Everyone can find surgery to be a terrifying experience. Even the notion of undergoing one can induce great anxiety in people. According to new research from Michigan State University, the use of VR, or virtual reality, during awake surgery could reduce patient anxiety and promote calm.  

According to a study published in the journal Plastic and Reconstructive Surgery, patients who were immersed in virtual reality (VR) content during surgery experienced greater enjoyment than those who were not.  

James Clarkson, the principal author of the study and an assistant professor of surgery at the Michigan State University College of Human Medicine, explains, “For patients engrossed in the VR experience, we observed a definite improvement in happiness.” And for patients with an anxiety problem, we observed a reduction in anxiety and a rise in happiness.  

The researchers compared patients who underwent carpal tunnel release surgery with monitored or general anesthesia versus those who underwent surgery wide awake with only local anaesthetic and no tourniquet in an office setting with the option of using VR submersion experience. Between August 2017 and March 2021, they observed 404 individuals who underwent surgery at three separate hospitals in Michigan.  

The team discovered that patients who underwent surgery traditionally in a surgical room were twice as likely to have a neutral or negative experience, 23% versus 11%, compared to those who underwent surgery wide awake and immersed in VR. Individuals who underwent standard surgery also reported significantly lower levels of happiness (44% versus 20%) and higher levels of anxiety (42% against 27%).  

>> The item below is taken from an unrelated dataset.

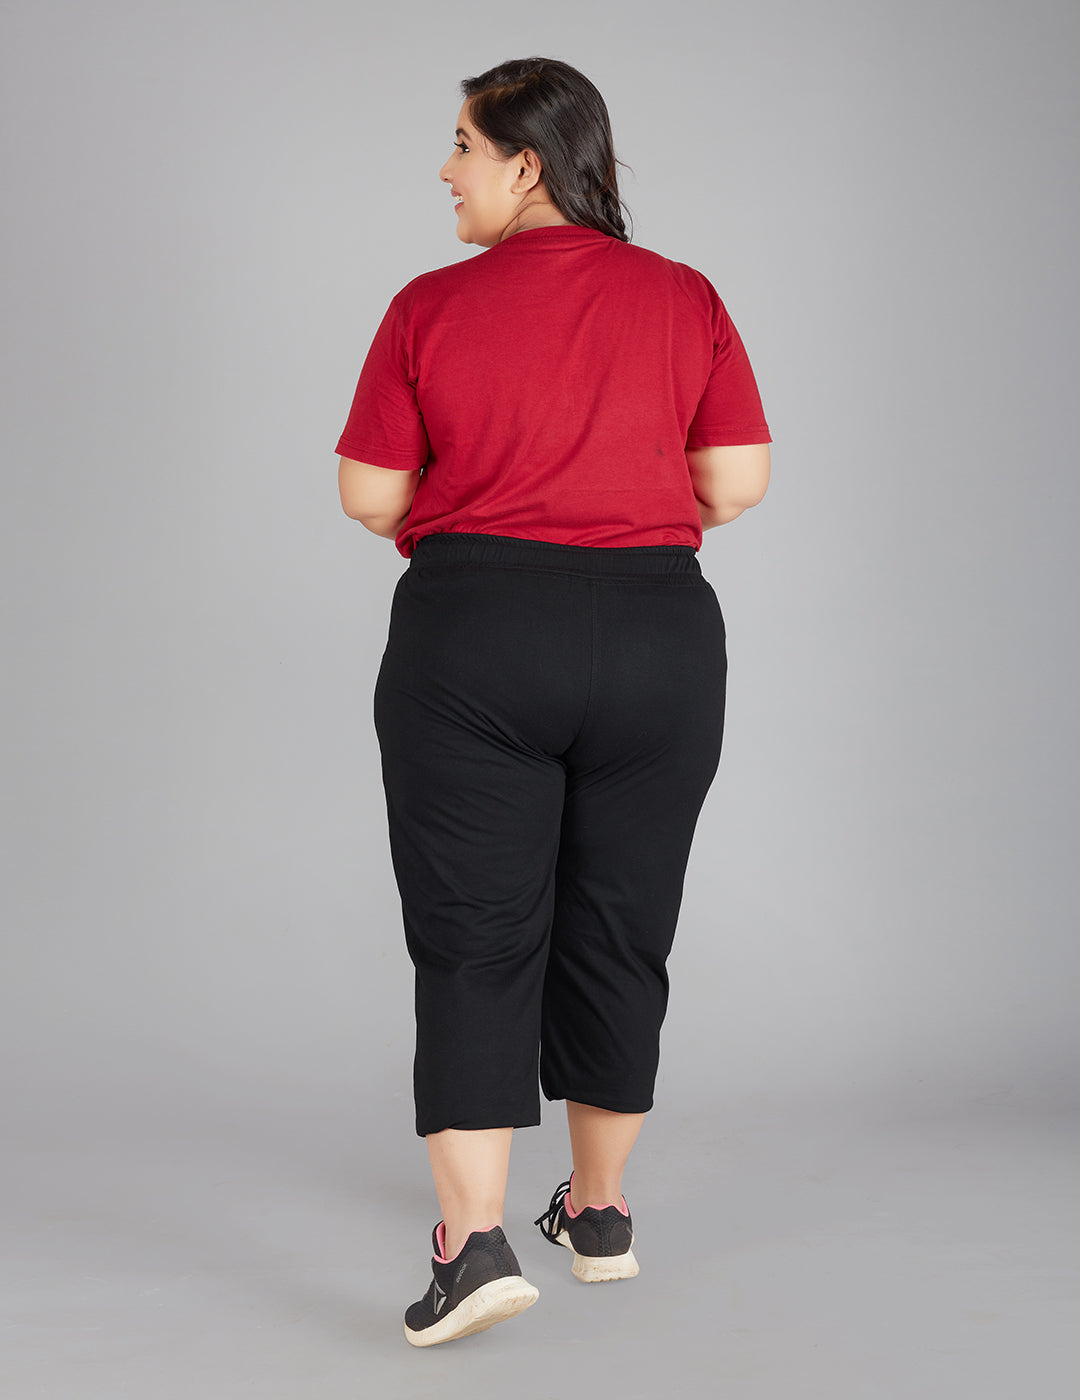 Amazon.com : MOREFEEL Capri Plus Size Leggings for Women with  Pockets-Stretchy XL-4XL Tummy Control High Waist Workout Black Yoga Pants :  Clothing, Shoes & Jewelry

For patients who underwent awake surgery in an office setting, those who chose to use VR reported more happiness than those who did not (85% versus 73%). Individuals with anxiety disorders who opted for the VR experience reported less anxiety and more happiness.  

Clarkson first considered using VR in the operating room in 2016 when he observed his children playing with the technology at home. Clarkson tells MSU, “I immediately felt that this is exactly what my patients need.” “I could tell them, ‘I will not evict you, but I can place you elsewhere,'”  

After having the idea to utilize the VR system, he took action and eventually founded Wide Awake VR, a ‘better and safer alternative for individuals to undergo medical operations without sedatives.’  

“VR changed the patient’s experience,” continues Clarkson. “They no longer had to starve from midnight onwards, and they were able to drive the same day after undergoing surgery and returning home, exactly as one would with a dentist.”  


Clarkson will submit the findings of the study to the International Virtual Reality Health Care Association and will also give a presentation titled “Digital Sedation: A Novel Alternative to Anesthesia” at the SXSW Conference & Festivals on March 10.